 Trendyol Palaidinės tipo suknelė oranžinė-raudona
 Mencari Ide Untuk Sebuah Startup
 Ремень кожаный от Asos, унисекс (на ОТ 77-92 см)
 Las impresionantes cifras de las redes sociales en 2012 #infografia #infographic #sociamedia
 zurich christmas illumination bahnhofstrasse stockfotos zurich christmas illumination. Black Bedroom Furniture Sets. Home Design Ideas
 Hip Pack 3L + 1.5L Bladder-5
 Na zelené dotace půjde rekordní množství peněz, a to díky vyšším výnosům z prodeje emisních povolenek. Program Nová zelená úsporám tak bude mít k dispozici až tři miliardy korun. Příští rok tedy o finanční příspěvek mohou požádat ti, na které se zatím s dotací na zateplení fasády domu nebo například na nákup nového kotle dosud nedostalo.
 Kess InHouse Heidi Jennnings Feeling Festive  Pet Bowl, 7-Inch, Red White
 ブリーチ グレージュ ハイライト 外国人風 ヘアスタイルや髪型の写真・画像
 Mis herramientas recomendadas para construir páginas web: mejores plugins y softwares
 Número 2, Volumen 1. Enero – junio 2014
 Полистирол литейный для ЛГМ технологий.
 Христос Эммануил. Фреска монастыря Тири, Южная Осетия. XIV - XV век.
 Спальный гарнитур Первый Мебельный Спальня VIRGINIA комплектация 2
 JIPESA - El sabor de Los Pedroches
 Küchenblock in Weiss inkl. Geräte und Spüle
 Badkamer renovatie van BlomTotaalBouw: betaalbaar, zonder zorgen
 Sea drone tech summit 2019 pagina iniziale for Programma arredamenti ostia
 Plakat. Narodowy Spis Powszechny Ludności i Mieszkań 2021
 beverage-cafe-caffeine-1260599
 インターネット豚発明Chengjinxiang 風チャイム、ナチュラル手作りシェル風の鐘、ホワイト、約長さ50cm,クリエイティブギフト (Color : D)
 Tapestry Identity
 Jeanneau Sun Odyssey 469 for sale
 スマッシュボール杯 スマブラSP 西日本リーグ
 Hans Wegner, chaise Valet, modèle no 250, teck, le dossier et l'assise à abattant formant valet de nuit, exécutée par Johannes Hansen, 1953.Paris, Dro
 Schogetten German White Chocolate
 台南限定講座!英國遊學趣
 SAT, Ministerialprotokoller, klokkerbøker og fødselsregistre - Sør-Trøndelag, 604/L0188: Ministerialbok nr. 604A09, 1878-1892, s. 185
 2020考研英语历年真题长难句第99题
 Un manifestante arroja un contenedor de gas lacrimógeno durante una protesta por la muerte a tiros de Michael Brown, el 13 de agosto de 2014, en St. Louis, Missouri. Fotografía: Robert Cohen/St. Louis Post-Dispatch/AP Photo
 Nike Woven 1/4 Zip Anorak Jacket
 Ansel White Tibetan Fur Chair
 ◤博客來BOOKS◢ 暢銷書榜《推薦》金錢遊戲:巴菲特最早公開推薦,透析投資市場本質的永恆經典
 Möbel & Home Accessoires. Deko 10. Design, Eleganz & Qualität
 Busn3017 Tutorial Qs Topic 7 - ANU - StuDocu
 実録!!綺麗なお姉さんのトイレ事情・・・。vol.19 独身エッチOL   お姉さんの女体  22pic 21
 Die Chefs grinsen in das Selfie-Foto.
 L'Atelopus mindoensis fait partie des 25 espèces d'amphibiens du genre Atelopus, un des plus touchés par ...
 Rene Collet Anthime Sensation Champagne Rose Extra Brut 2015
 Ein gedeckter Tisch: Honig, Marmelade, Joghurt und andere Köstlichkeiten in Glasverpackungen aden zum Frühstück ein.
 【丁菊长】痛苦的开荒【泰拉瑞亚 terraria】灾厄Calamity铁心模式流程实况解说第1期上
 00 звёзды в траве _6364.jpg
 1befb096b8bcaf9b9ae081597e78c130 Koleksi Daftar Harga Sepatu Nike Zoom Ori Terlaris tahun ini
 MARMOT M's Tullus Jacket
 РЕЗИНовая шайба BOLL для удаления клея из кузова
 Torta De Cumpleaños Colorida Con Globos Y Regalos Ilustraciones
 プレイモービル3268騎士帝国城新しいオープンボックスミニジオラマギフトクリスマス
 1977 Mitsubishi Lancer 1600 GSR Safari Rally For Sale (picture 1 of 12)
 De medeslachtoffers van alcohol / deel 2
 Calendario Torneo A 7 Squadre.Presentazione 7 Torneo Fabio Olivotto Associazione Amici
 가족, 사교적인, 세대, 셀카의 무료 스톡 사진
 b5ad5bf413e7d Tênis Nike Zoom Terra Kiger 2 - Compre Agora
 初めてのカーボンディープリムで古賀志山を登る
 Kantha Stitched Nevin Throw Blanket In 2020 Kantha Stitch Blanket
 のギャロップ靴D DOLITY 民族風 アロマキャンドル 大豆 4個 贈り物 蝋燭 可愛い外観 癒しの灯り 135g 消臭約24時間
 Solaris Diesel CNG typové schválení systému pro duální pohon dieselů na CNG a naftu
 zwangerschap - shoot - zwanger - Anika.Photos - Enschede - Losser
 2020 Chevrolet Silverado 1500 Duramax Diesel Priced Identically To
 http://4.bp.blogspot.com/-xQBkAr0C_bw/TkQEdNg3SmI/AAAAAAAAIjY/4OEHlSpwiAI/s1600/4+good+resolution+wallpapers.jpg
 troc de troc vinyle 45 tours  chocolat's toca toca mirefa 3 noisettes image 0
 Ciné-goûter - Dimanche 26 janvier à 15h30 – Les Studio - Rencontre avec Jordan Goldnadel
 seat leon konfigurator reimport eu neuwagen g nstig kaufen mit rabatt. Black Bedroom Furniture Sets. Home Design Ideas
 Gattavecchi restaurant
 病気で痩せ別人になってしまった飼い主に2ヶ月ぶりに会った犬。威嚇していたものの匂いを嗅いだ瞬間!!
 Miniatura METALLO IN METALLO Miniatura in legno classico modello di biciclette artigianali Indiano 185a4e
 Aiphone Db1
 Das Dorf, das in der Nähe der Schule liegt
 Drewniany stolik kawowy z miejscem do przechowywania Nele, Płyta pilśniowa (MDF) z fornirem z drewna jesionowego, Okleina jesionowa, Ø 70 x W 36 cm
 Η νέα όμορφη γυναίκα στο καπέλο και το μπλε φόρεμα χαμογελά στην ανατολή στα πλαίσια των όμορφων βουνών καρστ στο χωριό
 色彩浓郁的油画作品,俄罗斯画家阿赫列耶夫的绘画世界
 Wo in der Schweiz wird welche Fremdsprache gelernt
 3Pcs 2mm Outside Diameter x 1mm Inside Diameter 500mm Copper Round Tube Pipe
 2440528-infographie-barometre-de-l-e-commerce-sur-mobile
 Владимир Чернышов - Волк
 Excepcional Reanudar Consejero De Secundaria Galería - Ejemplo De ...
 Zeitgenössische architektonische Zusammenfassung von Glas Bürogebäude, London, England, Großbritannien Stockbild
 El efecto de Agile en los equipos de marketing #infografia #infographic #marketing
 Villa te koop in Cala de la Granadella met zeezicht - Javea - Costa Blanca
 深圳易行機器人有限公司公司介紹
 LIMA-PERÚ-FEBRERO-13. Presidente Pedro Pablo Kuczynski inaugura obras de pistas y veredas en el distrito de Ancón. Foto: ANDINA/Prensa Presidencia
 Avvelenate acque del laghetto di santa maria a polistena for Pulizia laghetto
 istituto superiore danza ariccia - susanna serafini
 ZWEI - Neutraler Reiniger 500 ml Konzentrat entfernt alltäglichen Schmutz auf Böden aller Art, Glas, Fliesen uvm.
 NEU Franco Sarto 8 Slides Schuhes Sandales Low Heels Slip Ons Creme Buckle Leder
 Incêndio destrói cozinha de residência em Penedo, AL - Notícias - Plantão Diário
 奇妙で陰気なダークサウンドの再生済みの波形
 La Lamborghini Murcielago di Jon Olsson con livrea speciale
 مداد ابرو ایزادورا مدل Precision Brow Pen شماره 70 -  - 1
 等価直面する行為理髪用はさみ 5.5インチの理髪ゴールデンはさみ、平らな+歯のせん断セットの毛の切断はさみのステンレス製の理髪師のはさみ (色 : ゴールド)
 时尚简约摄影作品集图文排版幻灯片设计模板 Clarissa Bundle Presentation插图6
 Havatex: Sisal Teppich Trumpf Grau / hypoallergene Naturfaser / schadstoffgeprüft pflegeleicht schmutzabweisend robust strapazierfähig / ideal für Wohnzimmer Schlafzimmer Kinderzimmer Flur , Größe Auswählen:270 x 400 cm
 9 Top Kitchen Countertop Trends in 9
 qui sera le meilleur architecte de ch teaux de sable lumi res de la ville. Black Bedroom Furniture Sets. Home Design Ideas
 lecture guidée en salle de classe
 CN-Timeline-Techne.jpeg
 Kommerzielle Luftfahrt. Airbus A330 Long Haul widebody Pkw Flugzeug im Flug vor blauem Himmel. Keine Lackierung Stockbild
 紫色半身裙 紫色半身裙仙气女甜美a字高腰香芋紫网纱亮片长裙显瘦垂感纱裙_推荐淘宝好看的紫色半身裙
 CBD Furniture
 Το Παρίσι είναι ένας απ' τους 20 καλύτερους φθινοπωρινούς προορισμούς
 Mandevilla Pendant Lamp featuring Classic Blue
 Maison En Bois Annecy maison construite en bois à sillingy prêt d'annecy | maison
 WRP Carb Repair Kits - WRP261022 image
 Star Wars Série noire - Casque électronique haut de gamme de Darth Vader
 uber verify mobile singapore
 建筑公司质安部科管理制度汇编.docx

WHAT YOU SHOULD DO. Using the listing above, copy exactly the line that contains "病気で痩せ別人になってしまっ", the line that contains "Das Dorf, das in der Nähe der Schule liegt", and each line that falls between them.

WORKED SOLUTION.
 病気で痩せ別人になってしまった飼い主に2ヶ月ぶりに会った犬。威嚇していたものの匂いを嗅いだ瞬間!!
 Miniatura METALLO IN METALLO Miniatura in legno classico modello di biciclette artigianali Indiano 185a4e
 Aiphone Db1
 Das Dorf, das in der Nähe der Schule liegt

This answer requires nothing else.